## ScanDatabase builder for fast query

Build a comprehensive, fast query-able parque 'scans database'

see API documentation for more details

In [6]:
from datetime import date
from geecs_data_utils import ScanPaths
from geecs_data_utils.scans_database.builder import ScanDatabaseBuilder

# Inputs
data_root = ScanPaths.paths_config.base_path
experiment = "Undulator"
output_path = data_root / experiment / "scan_database_parquet"
date_range = (date(2022, 1, 3), date(2025, 8, 5))

ScanDatabaseBuilder.stream_to_parquet(
    data_root=data_root,
    experiment=experiment,
    output_path=output_path,
    date_range=date_range,
    buffer_size=50,
    max_scans=1000000,
    mode="overwrite",  # or 'append' or 'overwrite'
)

 After database is initially built, new scan entries are easily added using mode='append' and data_range = None

In [7]:
# Picks up from the last date in _update_log.json through today
ScanDatabaseBuilder.stream_to_parquet(
    data_root=data_root,
    experiment=experiment,
    output_path=output_path,
    date_range=None,  # <- auto-resume via sidecar
    buffer_size=50,
    mode="append",
)

Filter scans database based on many flexible criteria

In [5]:
from geecs_data_utils.scans_database.database import ScanDatabase
from datetime import date

data_root = ScanPaths.paths_config.base_path
experiment = "Undulator"
output_path = data_root / experiment / "scan_database_parquet"

# initialize ScanDabase object
db = ScanDatabase(output_path)

# apply filters

# Filter by date first, for fast initial filter
db.date_range(date(2025, 8, 5), date(2025, 8, 8))

# can filter by scanparameter, case insensitive. use alias, var name or any part
db.filter_scan_parameter_contains("shotnumber")

# Filter by ecs live dump entries: (device_like, variable_like, target value, tolerance)
db.filter_ecs_value_within("hexapod", "y", target=18.5, tol=0.5)

# use defined named filters autoloaded based on experiment name.

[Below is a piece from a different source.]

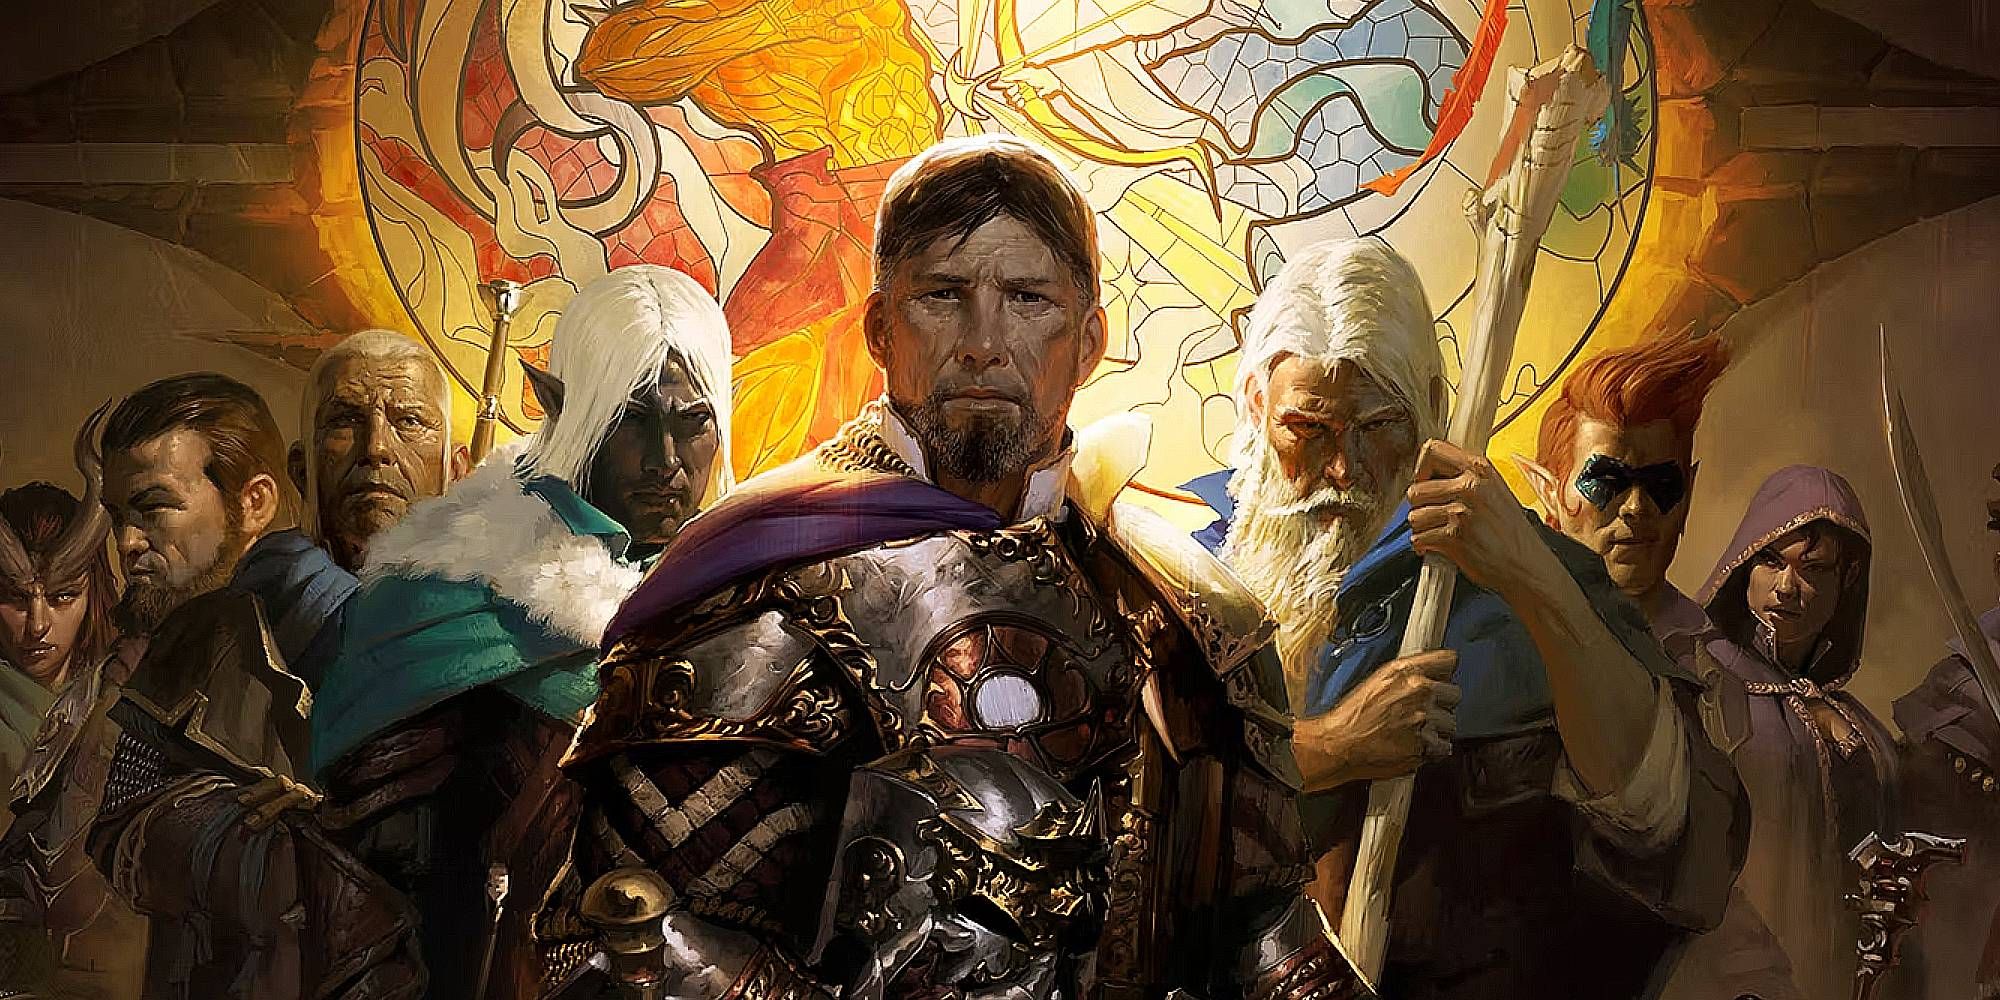 A group of adventurers stand and face the camera with a stained glass mural behind them

Can have various date range validities
db.apply("PMQ_inserted")

# convert result to dataframe
df = db.to_df()

print("rows:", len(df))
df.head(5)

[INFO] Loaded 1/1 filters from undulator.yml
rows: 10


Unnamed: 0,day,number,experiment,scalar_data_file,tdms_file,non_scalar_devices,scan_parameter,start,end,step_size,...,scan_mode,scan_description,background,scan_metadata_raw_fields,ecs_dump,has_analysis_dir,notes,year,month,__ecs
3,5,2,Undulator,Z:\data\Undulator\Y2025\08-Aug\25_0805\scans\S...,Z:\data\Undulator\Y2025\08-Aug\25_0805\scans\S...,"[UC_BCaveMagSpecCam1, UC_BCaveMagSpecCam1-inte...",Shotnumber,0,1,1,...,noscan,. scanning Shotnumber. None,0,"{""Scan No"": ""2"", ""ScanStartInfo"": "". scanning ...","{""experiment_name"": ""Undulator"", ""devices"": [{...",1,,2025,8,"{'experiment_name': 'Undulator', 'devices': [{..."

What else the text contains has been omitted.